**TASK**
Print each line below verbatim, skipping every picture.

**DATA SHOWN**
══════════════════════════════
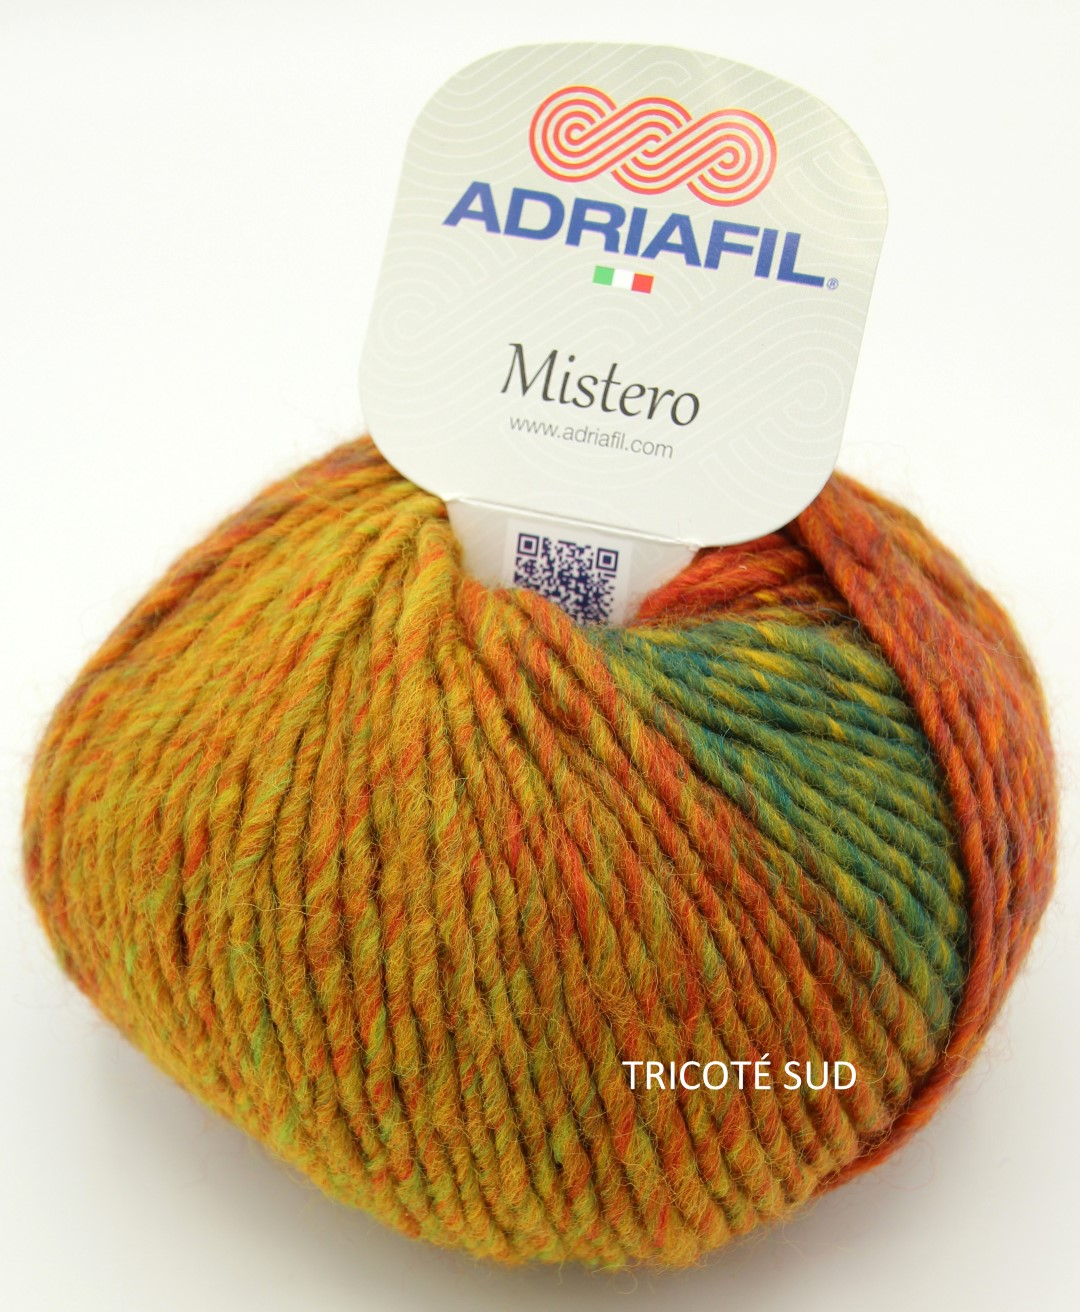 MISTERO ADRIAFIL COLORIS 51 (2) (Large)
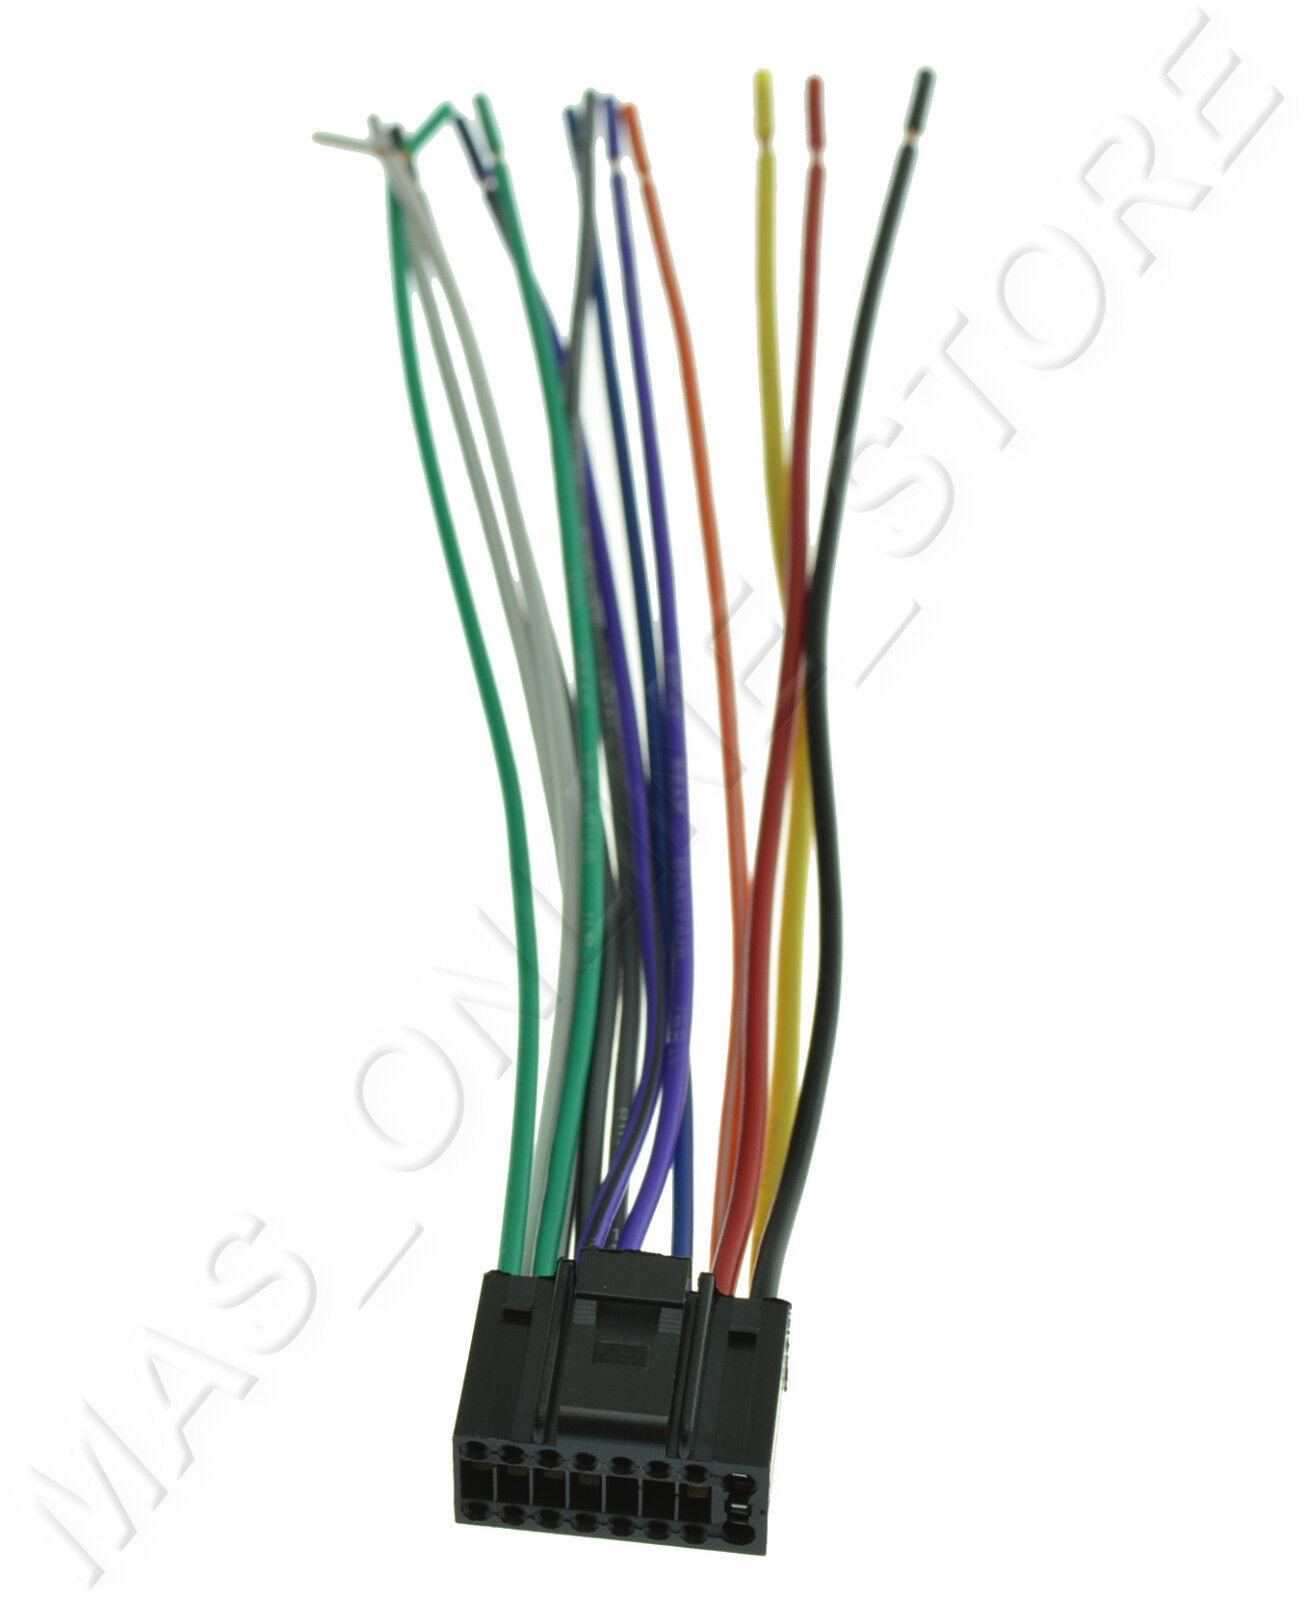 Jvc Kd S29 Wiring Diagram
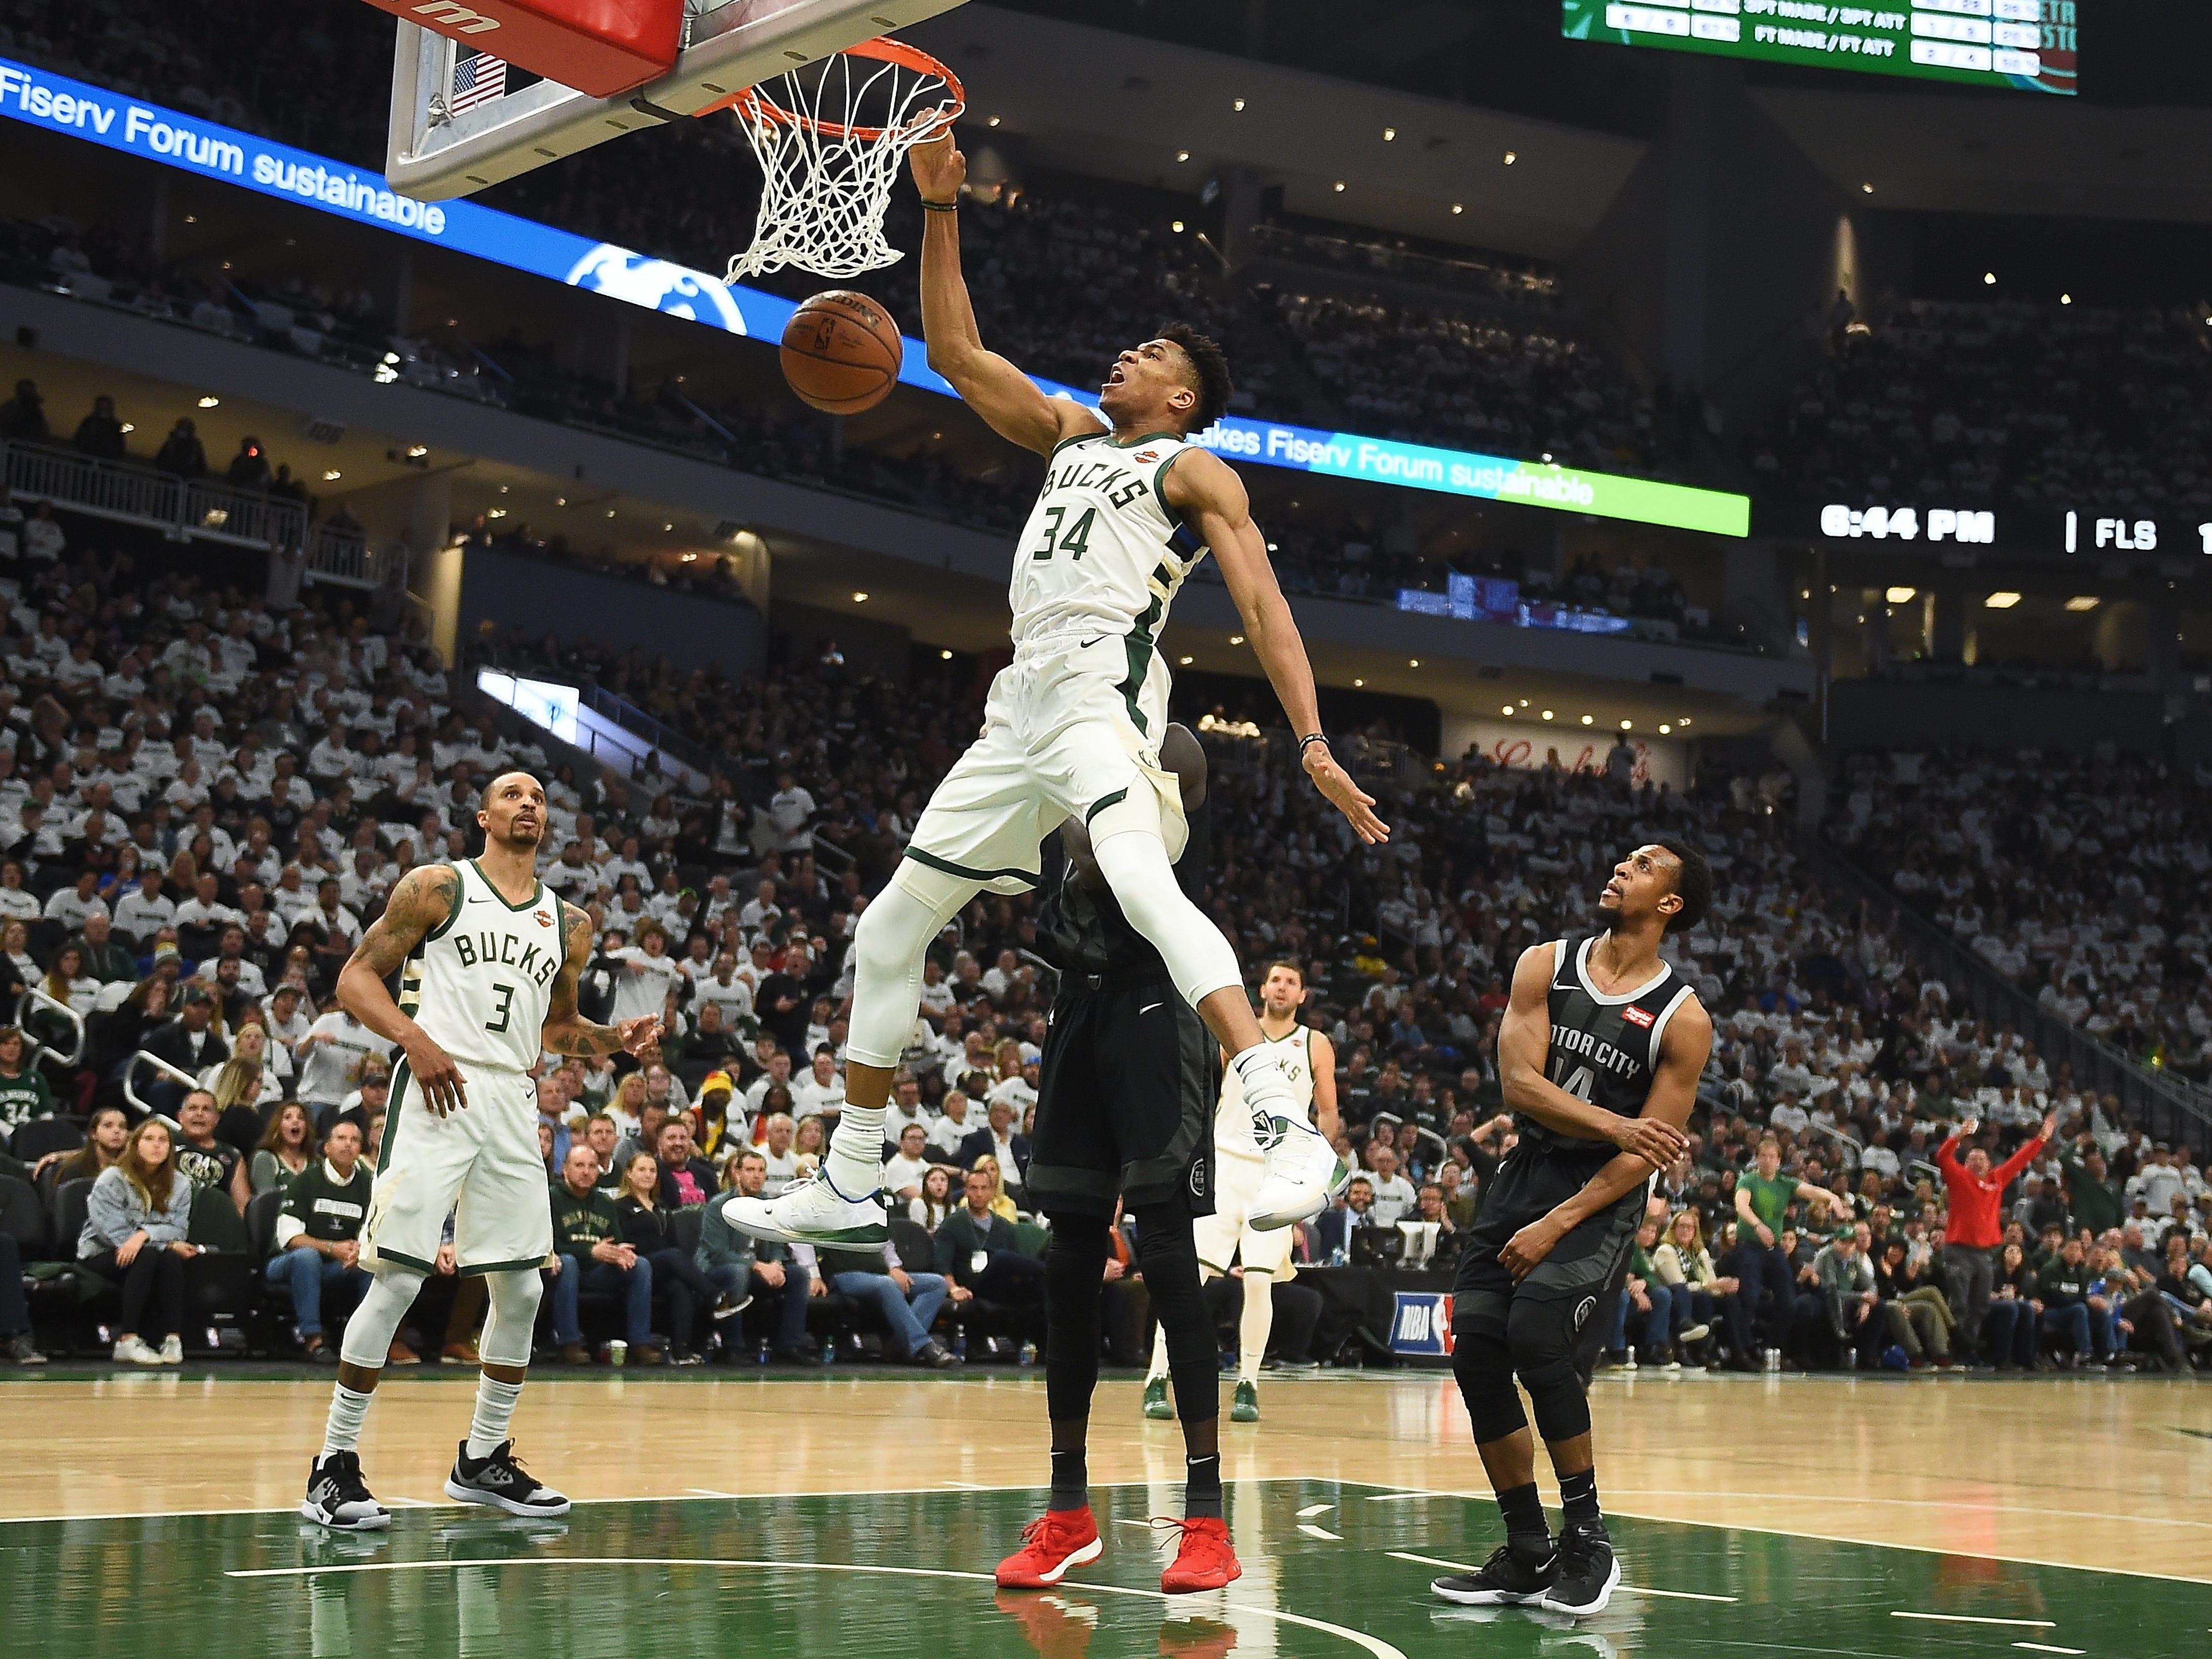 Milwaukee Bucks' Giannis Antetokounmpo dunks against the Detroit Pistons during Game 1 at Fiserv Forum on April 14, 2019 in Milwaukee.
══════════════════════════════
**RESPONSE AREA**
 MISTERO ADRIAFIL COLORIS 51 (2) (Large)
 Jvc Kd S29 Wiring Diagram
 Milwaukee Bucks' Giannis Antetokounmpo dunks against the Detroit Pistons during Game 1 at Fiserv Forum on April 14, 2019 in Milwaukee.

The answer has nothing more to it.